Declaring Keys and Performing Lookups
February 6, 2002
When you need to look up values based on some other value -- especially when your stylesheet needs to do it a lot -- XSLT's xsl:key instruction and key() function work together to make it easy. They can also make it fast. To really appreciate the use of keys in XSLT, however, let's first look at one way to solve this problem without them. Let's say we want to add information about the shirt elements in the following document to the result tree, with the color names instead of the color codes in the result.
<shirts> <colors> <color cid="c1">yellow</color> <color cid="c2">black</color> <color cid="c3">red</color> <color cid="c4">blue</color> <color cid="c5">purple</color> <color cid="c6">white</color> <color cid="c7">orange</color> <color cid="c7">green</color> </colors> <shirt colorCode="c4">oxford button-down</shirt> <shirt colorCode="c1">poly blend, straight collar</shirt> <shirt colorCode="c6">monogrammed, tab collar</shirt> </shirts>
We want the output to look like
blue oxford button-down yellow poly blend, straight collar white monogrammed, tab collar
The following stylesheet has an xsl:value-of instruction that uses an XPath expression to retrieve the contents of the colors element's appropriate color child.
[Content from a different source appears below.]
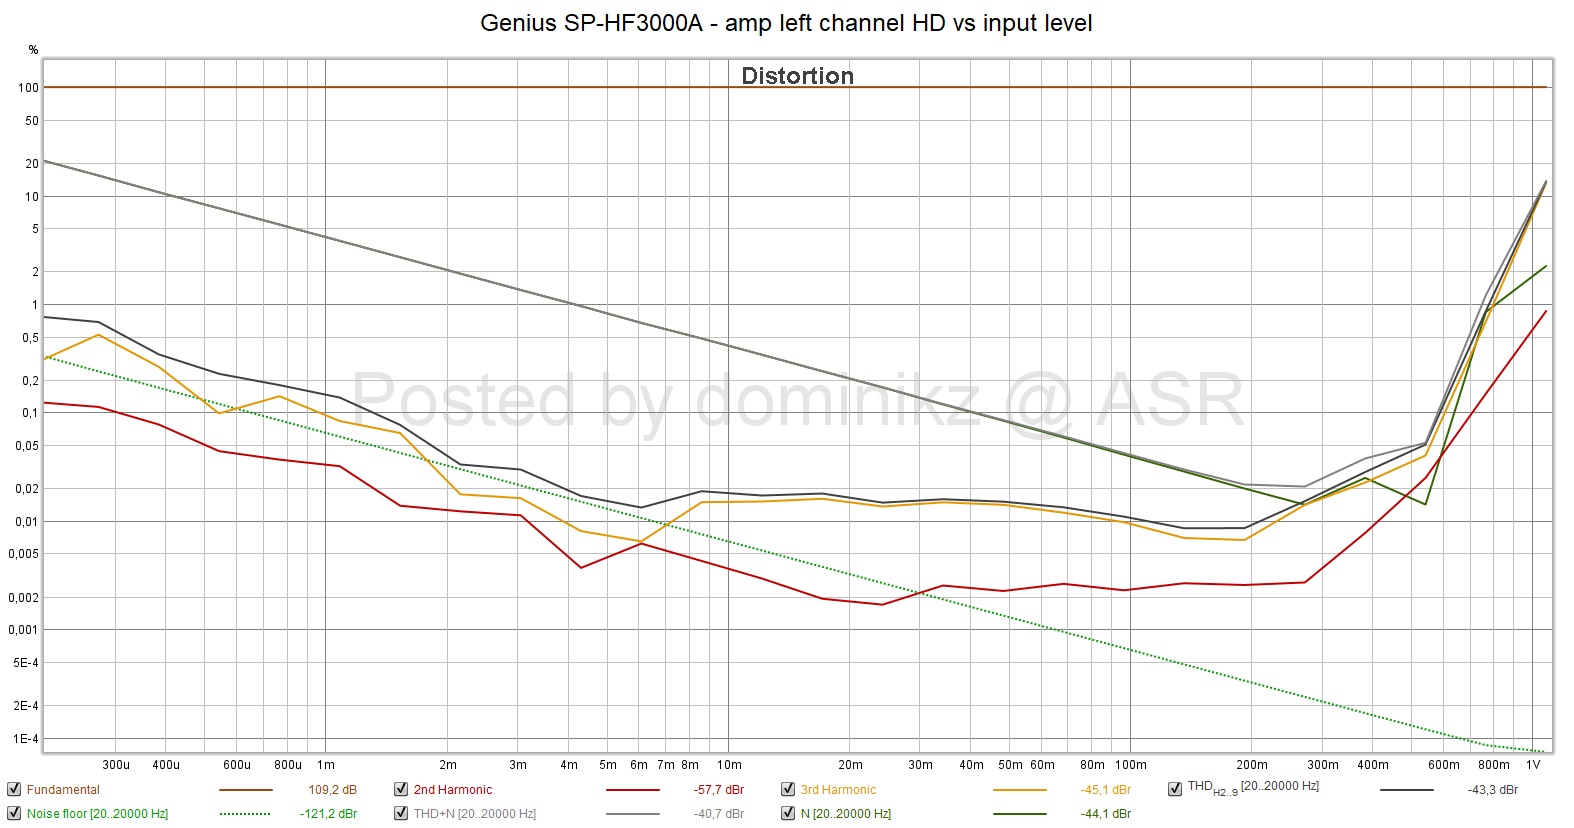 Genius SP-HF3000A - amp left channel HD vs input level.jpg

It does this by finding, for each shirt element, the color element whose cid attribute value matches the shirt element's color attribute value. (For example, it takes the color value of "c4" for the first shirt element and searches through the colors element's color children to find one with a cid attribute that has that same value: the one with "blue" as its contents.) Above that xsl:value-of element, an xsl:variable instruction sets the shirtColorCode variable equal to the shirt element's color attribute value, and the XPath expression has a predicate of [@cid = $shirtColorCode] to get only the color element whose cid attribute has the same value as the shirtColorCode variable.
<xsl:stylesheet xmlns:xsl="http://www.w3.org/1999/XSL/Transform" version="1.0"> <xsl:output method="text"/> <xsl:template match="shirt"> <xsl:variable name="shirtColorCode" select="@colorCode"/> <xsl:value-of select="/shirts/colors/color[@cid = $shirtColorCode]"/> <xsl:text> </xsl:text><xsl:apply-templates/><xsl:text> </xsl:text> </xsl:template> <xsl:template match="color"/> </xsl:stylesheet>
This produces the desired output, but the complexity of the XPath expression means that if you have a lot of shirt elements whose colors need to be looked up, creating the result tree could go slowly. Declaring and using keys can make it go much faster, because an XSLT processor that sees that you've declared a key usually sets up an index in memory to speed these lookups. Doing it this way can produce the same result as the previous stylesheet much more efficiently.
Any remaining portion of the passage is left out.